La valeur du dollar est influencée par les variations du compte courant américain, qui, à son tour, est principalement influencé par les balances commerciale et budgétaire. À mesure que les déficits commerciaux et budgétaires s’aggravent, le déficit du compte courant s’aggrave également. Une aggravation du déficit du compte courant signifie essentiellement qu’il y a plus d’argent qui sort du pays qu’il n’en entre, ce qui a historiquement exercé une pression sur la monnaie du pays déficitaire. Les déficits commerciaux et budgétaires commencent à nouveau à se creuser. Dans le cas du commerce, cela est dû à l’augmentation de la consommation de biens et à la diminution des stocks, la même raison pour laquelle nous commençons à voir l’activité des usines reprendre. Dans le cas du déficit budgétaire, il s’agit, entre autres, de l’augmentation des paiements d’intérêts. L’amélioration constatée en 2022 et 2023 semble terminée.

Les données du compte courant du premier trimestre confirmeront probablement également leur détérioration.

Les rendements à 10 ans sont sortis du canal dans lequel ils se trouvaient au cours des 18 derniers mois, à la hausse. Le taux à 10 ans est dans une tendance haussière à court et moyen terme et je pense que nous devons nous préparer à ce que le taux teste le niveau de 5 % fixé en octobre dernier. Les publications économiques de la semaine prochaine seront scrutées pour déceler toute faiblesse économique avec des données sur les ventes au détail, deux enquêtes régionales de la Fed sur le secteur manufacturier, la production industrielle et le logement. Nous recevons également une mise à jour sur les indicateurs économiques avancés.

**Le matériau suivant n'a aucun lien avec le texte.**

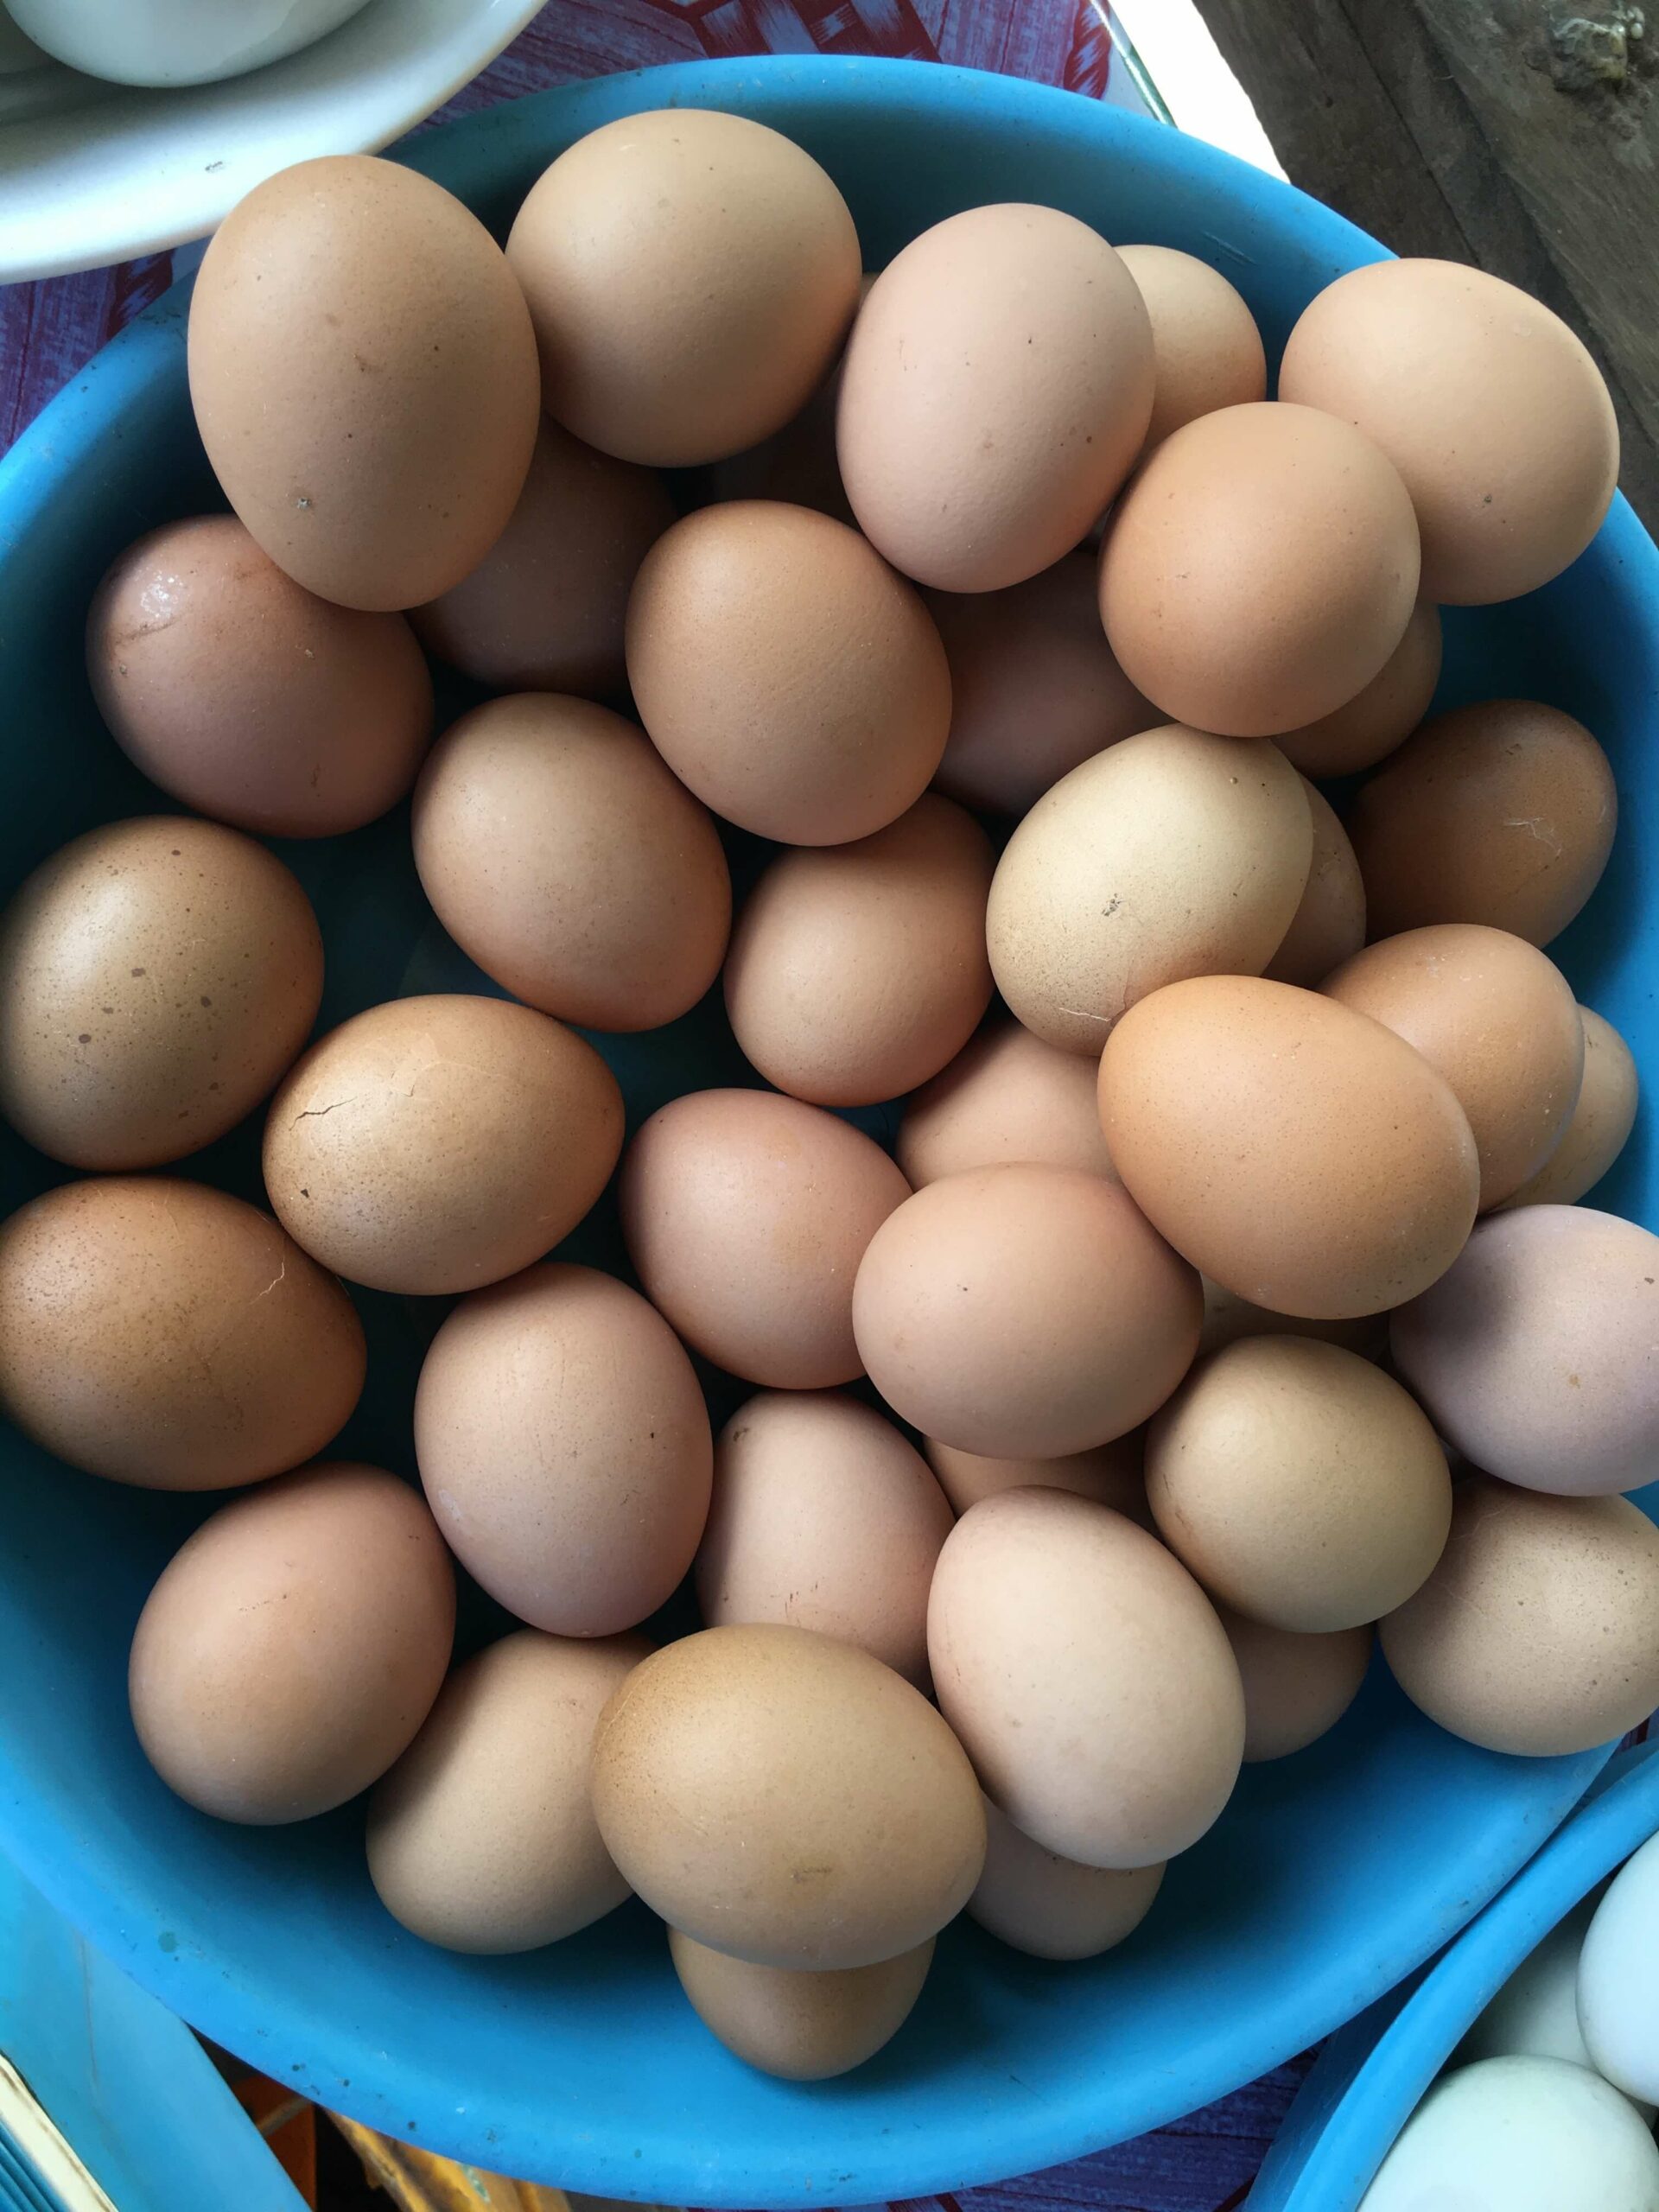 many light brown color eggs in a tray

Je pense que la vraie question concernant les taux est de savoir s’il s’agit simplement d’une hausse cyclique ou si la tendance séculaire a changé. Si c’est le cas – et c’est certainement ce que je penche – cela nécessitera un changement dans notre allocation stratégique. Ce n’est pas quelque chose que nous faisons à la légère, nous devons donc en être sûrs, mais cela peut devenir nécessaire. 

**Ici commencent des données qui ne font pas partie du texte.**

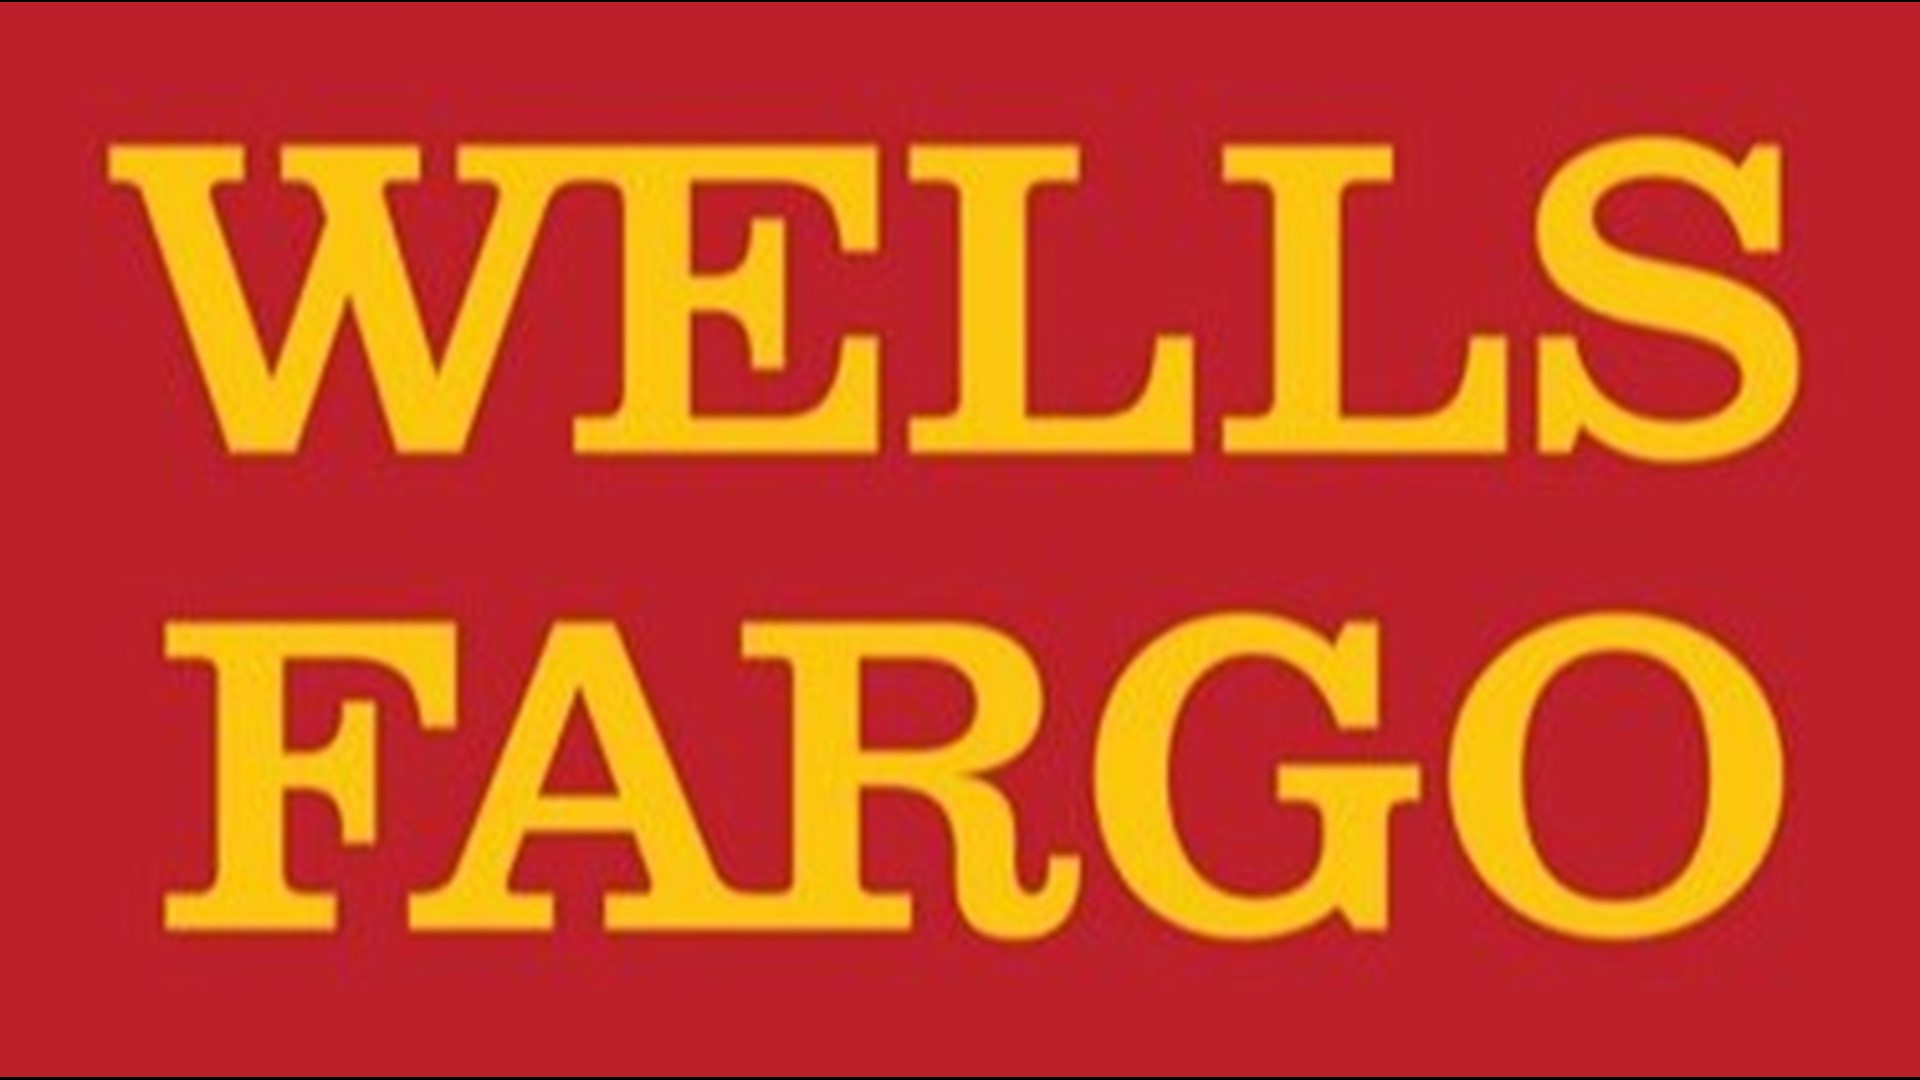 Many Wells Fargo customers checking for stimulus checks Wednesday morning were instead met with issues accessing their online banking.

Le dollar est également dans une tendance haussière à très court terme depuis le début de l’année mais n’est pas sorti de la fourchette dans laquelle il se trouve depuis fin 2022. L’objectif à court terme est évidemment le pic de 107 l’an dernier. Comme je l’ai expliqué plus haut, je pense qu’il y a de bonnes raisons de s’attendre à une baisse du dollar dans les années à venir en raison de nos déficits budgétaires et commerciaux. Mais le monde n’est pas toujours aussi logique et le dollar, malgré toutes nos dettes publiques, reste une valeur refuge. Et il y a de nombreuses raisons d’en vouloir un dès maintenant. Pour l’instant, la tendance à court terme est à la hausse et c’est tout ce que nous savons réellement.